While many financial advisers continue to seek either the comforts of a megafirm or the independence of a registered investment advisory group, Adam Sherman, David Fleisher and their team have found a cozy home in the community banking channel.

For the past 11 years they have cobbled together a strong book of business from within a community bank, navigated through a merger, become independent and then emerged right where they started, selling wealth management services from inside the friendly confines of a small bank.

"Community banks are really a unique environment," said Sherman, the chief executive of Firstrust Financial Resources, a unit of Firstrust Bank in Conshohocken, Pa. "The clientele has a strong, lasting, trusting relationship with the bank. The larger banks are less customer-oriented and more transaction-oriented.

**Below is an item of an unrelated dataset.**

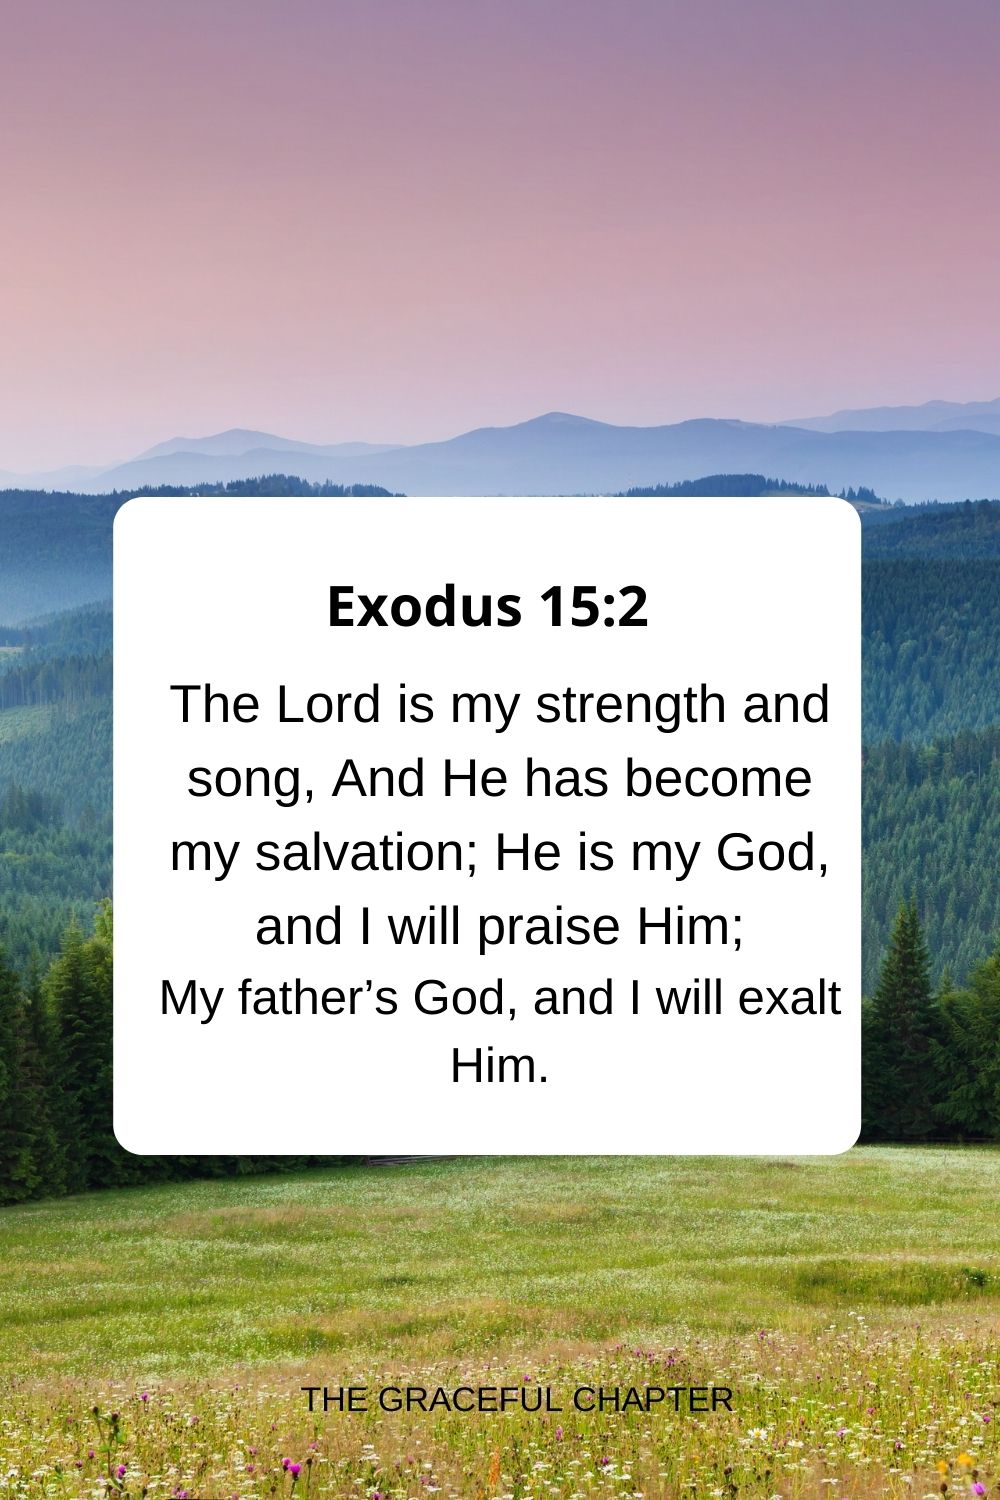 The Lord is my strength and song, And He has become my salvation; He is my God, and I will praise Him; My father’s God, and I will exalt Him. Exodus 15:2

Community banks have been able to maintain that mom-and-pop feel."

In 1999, Sherman and Fleisher worked for Axa Advisors in Philadelphia when the Gramm-Leach-Bliley Act was enacted and allowed commercial banks to offer investment products and services. Sherman, who has worked in the financial industry for 25 years, said he saw this as an opportunity to develop a wealth management firm with a community bank.

That year he and his team opened Progress Financial Resources with Progress Bank in Blue Bell, Pa., and over the next four years developed a wealth management unit that offered a suite of investment services, including annuities, mutual funds, stocks, bonds and life insurance. It grew to 25 registered reps with a $500 million of assets under management before Fleet Financial Group bought the bank and the wealth manager in 2004.

Later that year Bank of America Corp. bought Fleet. Fleisher, Firstrust's president, said he and the rest of the executive team decided to depart because of B of A's "bureaucratic nature" and the "multiple layers" of employees between them and clients. So in 2004, Sherman, Fleisher and Andrew McIlhenny bought the wealth manager from B of A, and it became an independent firm for two years.

In 2006 Sherman, Fleisher and McIlhenny partnered with the $2.5 billion-asset Firstrust Bank, which has 25 branches, all in the Philadelphia market. It opened Firstrust Financial Resources with $450 million of assets under management, and despite difficult economic conditions, by the end of 2009 it had $600 million under management.

Firstrust Financial Resources has 17 full-time advisers and six licensed bankers. It plans to add six advisers in the next 12 to 18 months and expects to have $1 billion of assets under management within the next two years.

"We are going to look at a lot of different avenues for growth," Sherman said. "We are going to consider growth through acquisition and by increasing the number of advisers that we have on the street. We are looking for ancillary business lines to acquire, and we are looking to see whether we should be manufacturing our own investment advice rather than using just an open architecture approach."

Sherman said the company is interested in buying a money manager within a 100-mile radius of Philadelphia. Firstrust is a well-capitalized, privately owned bank that can make an acquisition if the right opportunity comes along, he said. "Firstrust is in a position to take advantage of the weaker players that are out there."

"We feel that 2009 in our industry was the ultimate survival of the fittest, and 2010, in our opinion, is a time for growth," Sherman said. "People that have the balance sheets to grow their wealth businesses are the ones that will succeed going forward. We think we are going to be one of the winners. We are on the prowl for the right opportunities."

Analysts said a lack of economies of scale makes it difficult for most community banks to compete on price with larger financial companies. "It all comes down to the bottom line," said Geoffrey Bobroff of Bobroff Consulting in East Greenwich, R.I.

Burton Greenwald of BJ Greenwald Associates in Philadelphia said Firstrust is not a big player in the Philadelphia region, but if it can attract top producers it should be able to build assets under management. "They won't compete with PNC or Mellon, but they can build a tidy business and operate as a strong open architecture wealth manager," he said.